Nothing but the lines below from the one containing "Pain clipart gastroenterology." through the one containing "Motorola Vector Art Wallpaper" should appear in the answer, exact and without pictures.

The data ->
******

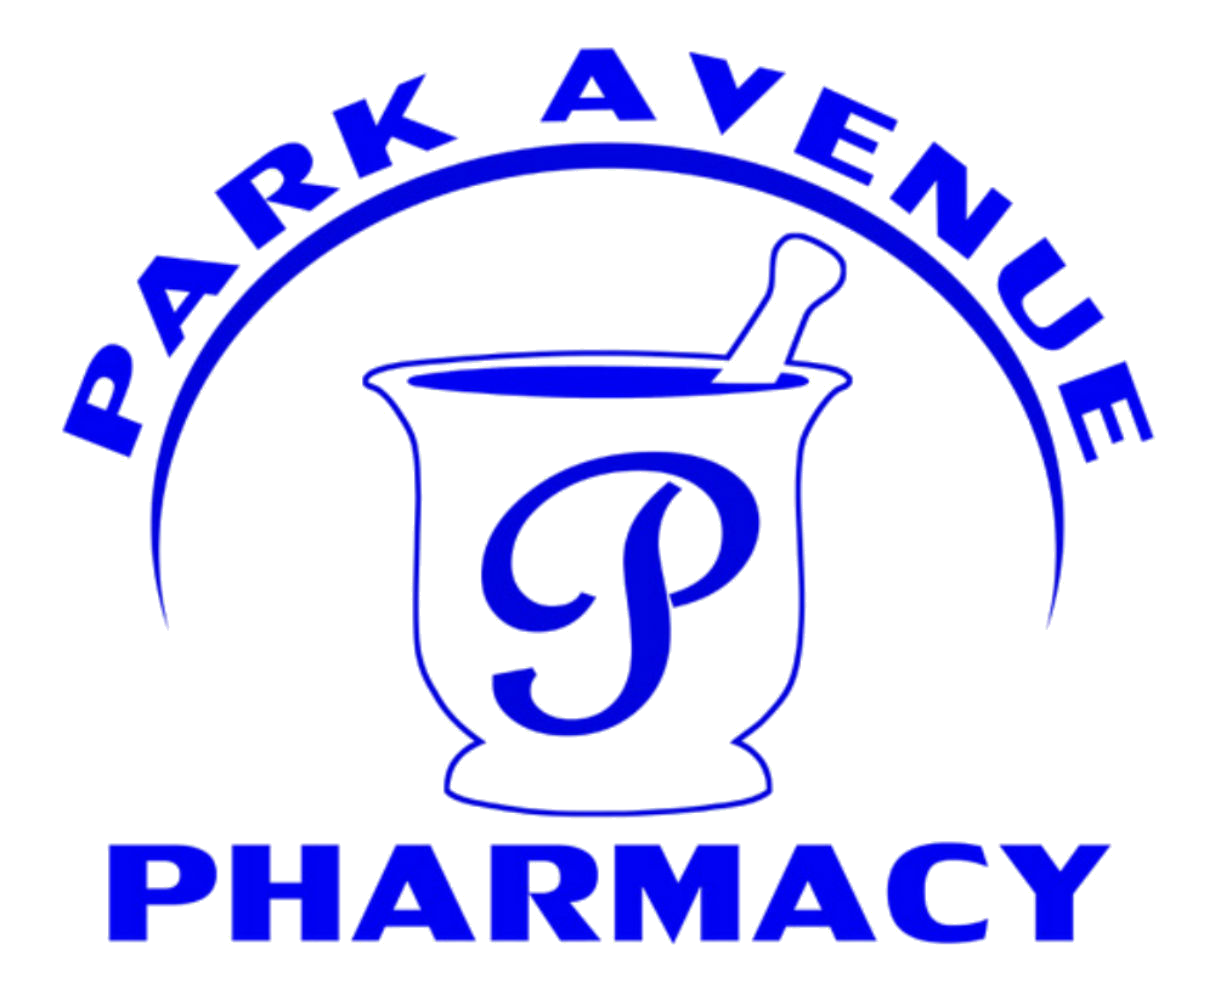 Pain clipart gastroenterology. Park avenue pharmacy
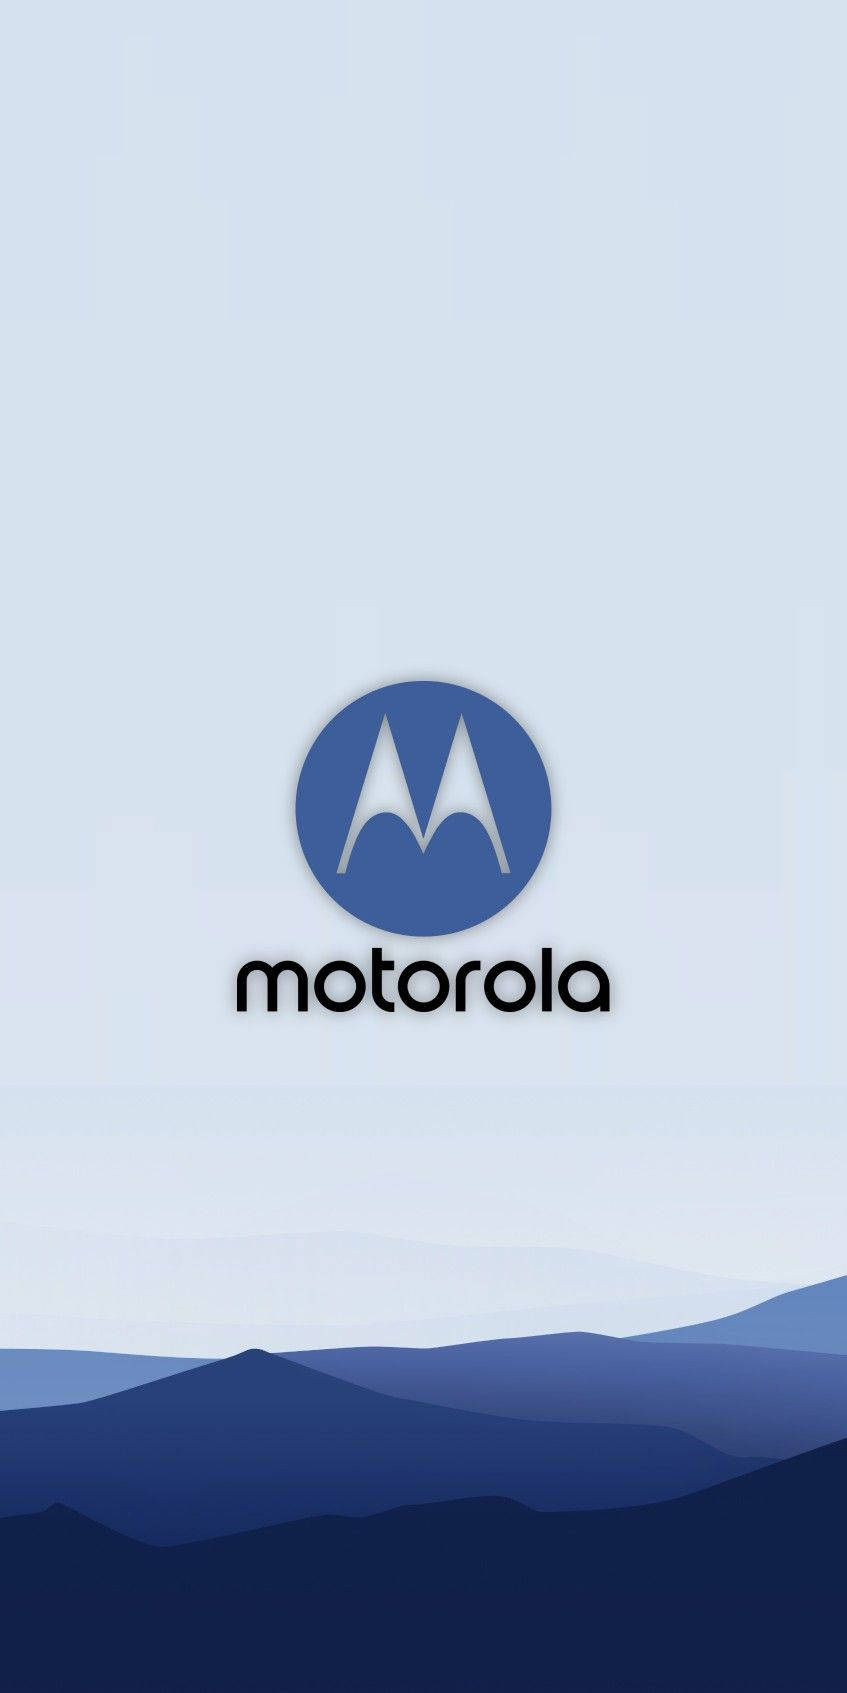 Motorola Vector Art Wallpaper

******

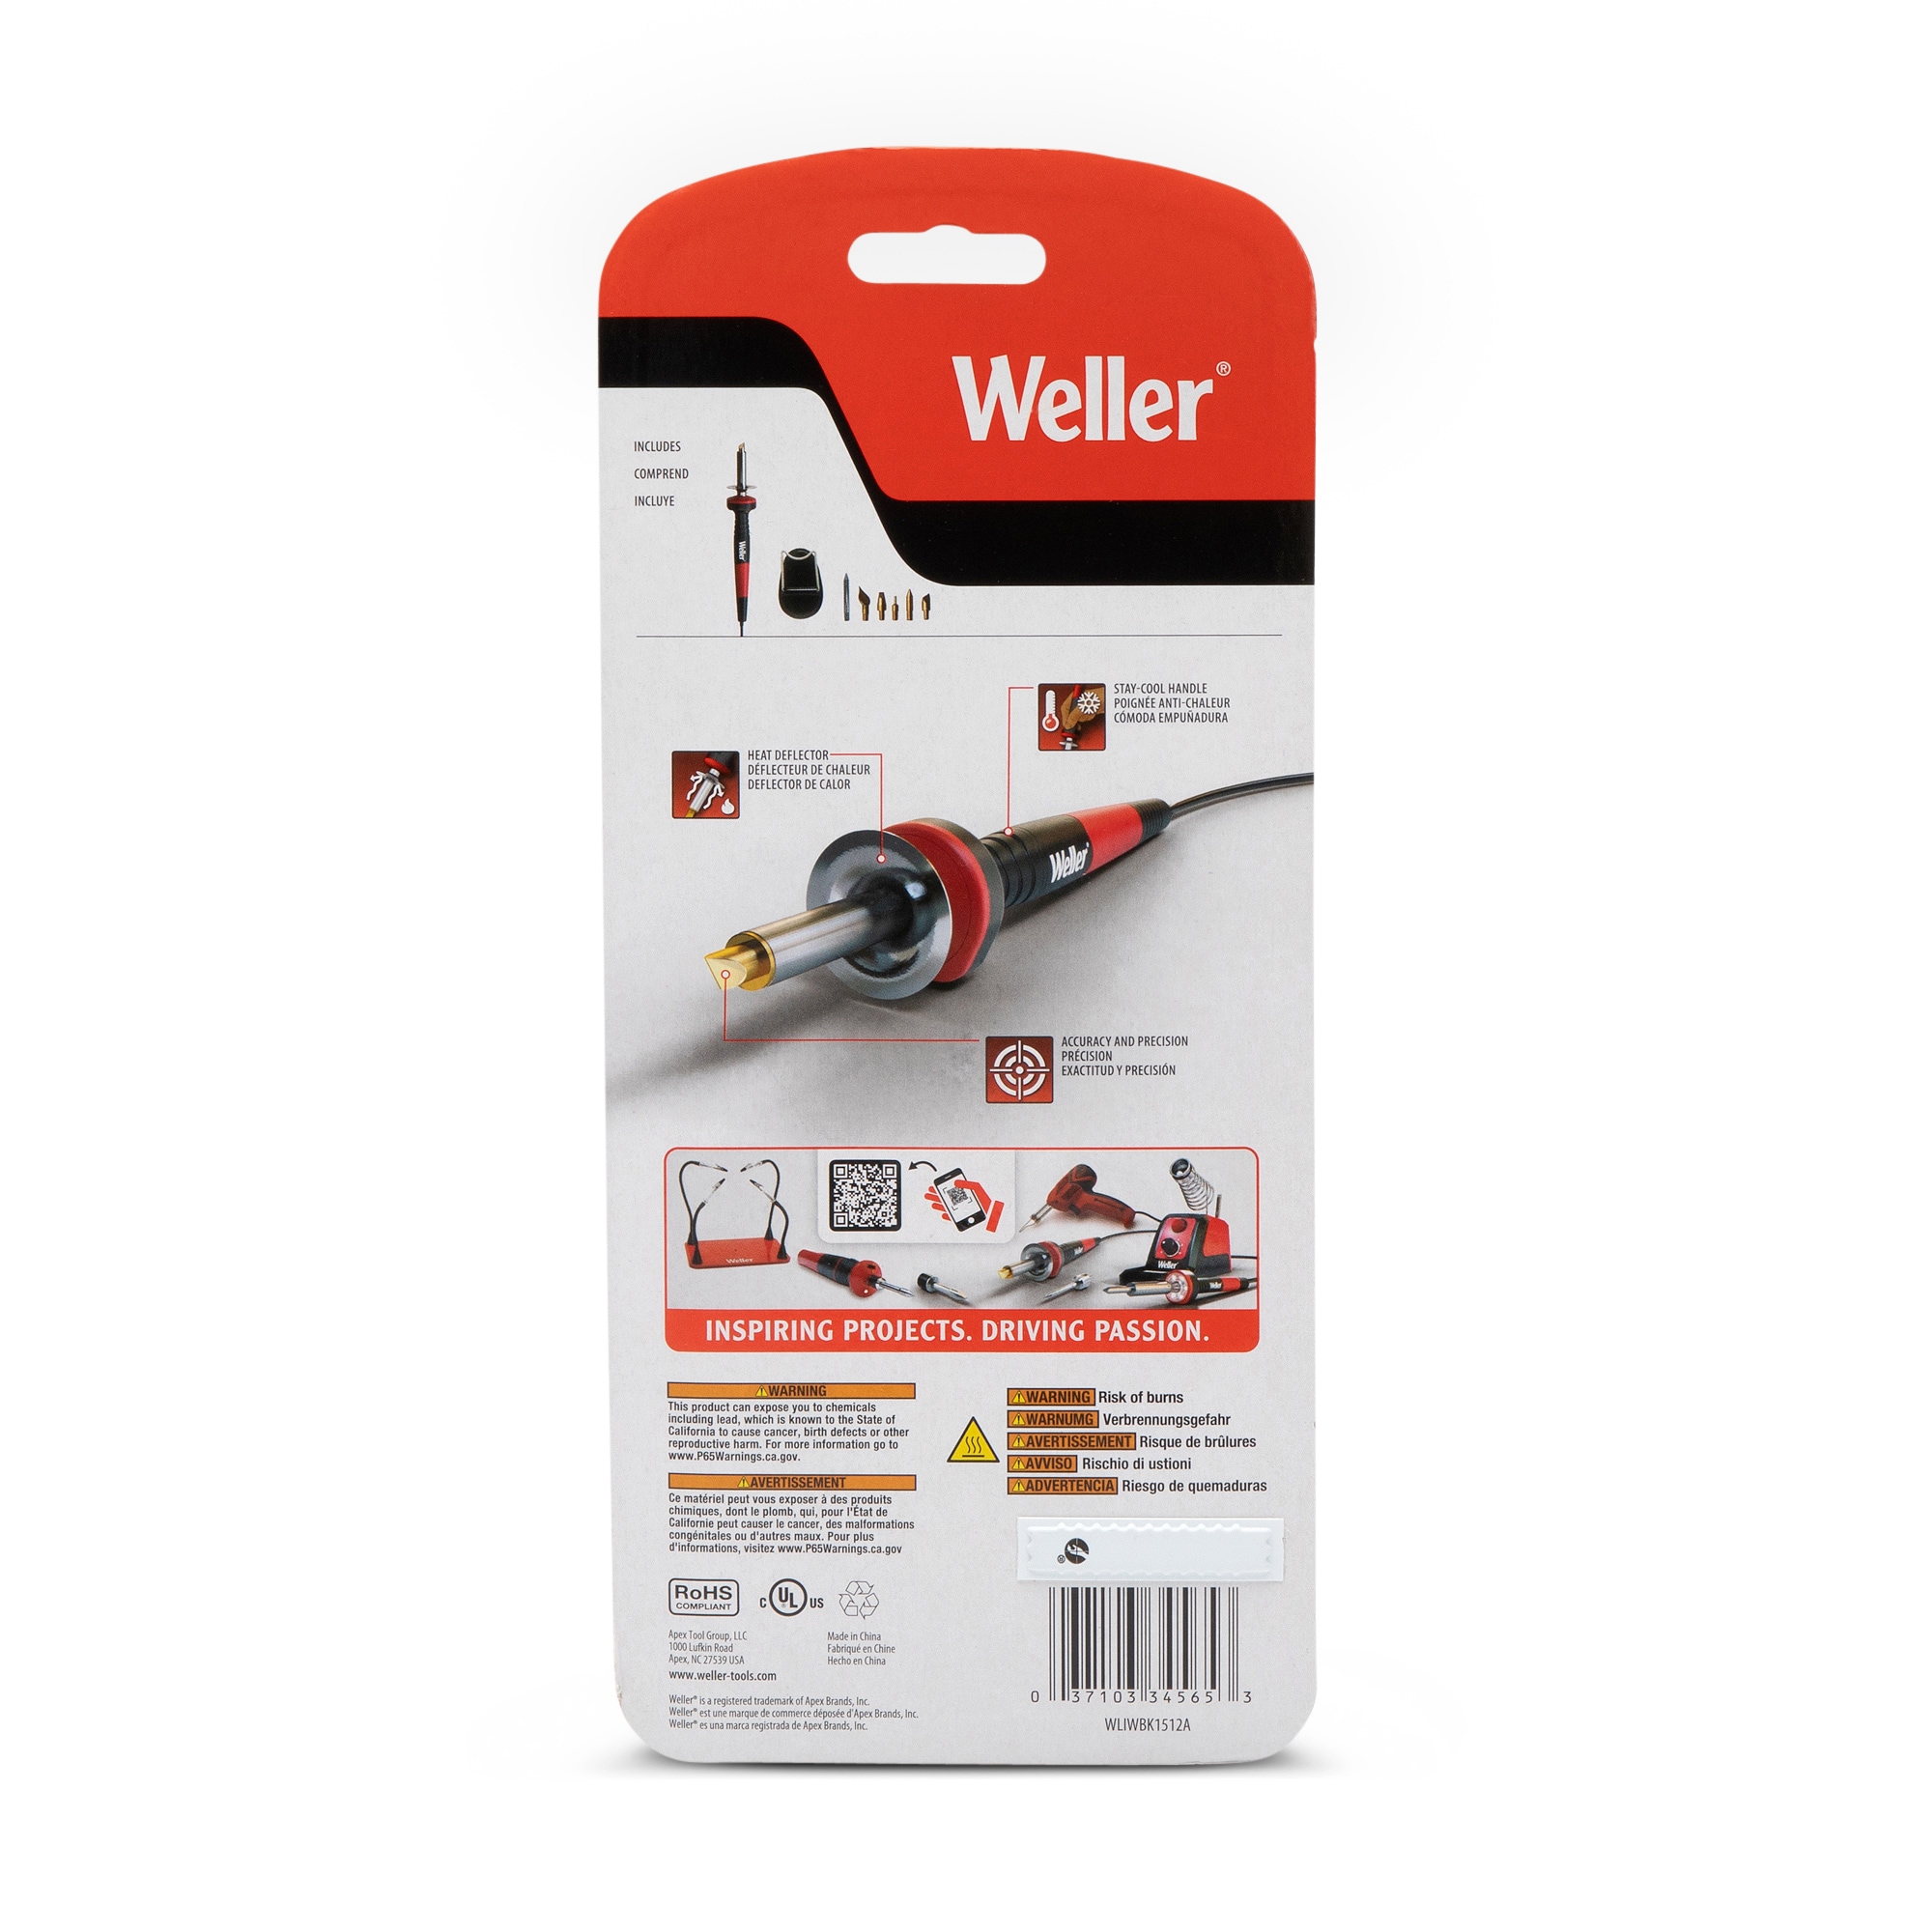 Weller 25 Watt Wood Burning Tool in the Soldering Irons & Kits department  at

******

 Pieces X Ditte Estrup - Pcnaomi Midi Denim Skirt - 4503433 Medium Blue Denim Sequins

******

Task result ->
 Pain clipart gastroenterology. Park avenue pharmacy
 Motorola Vector Art Wallpaper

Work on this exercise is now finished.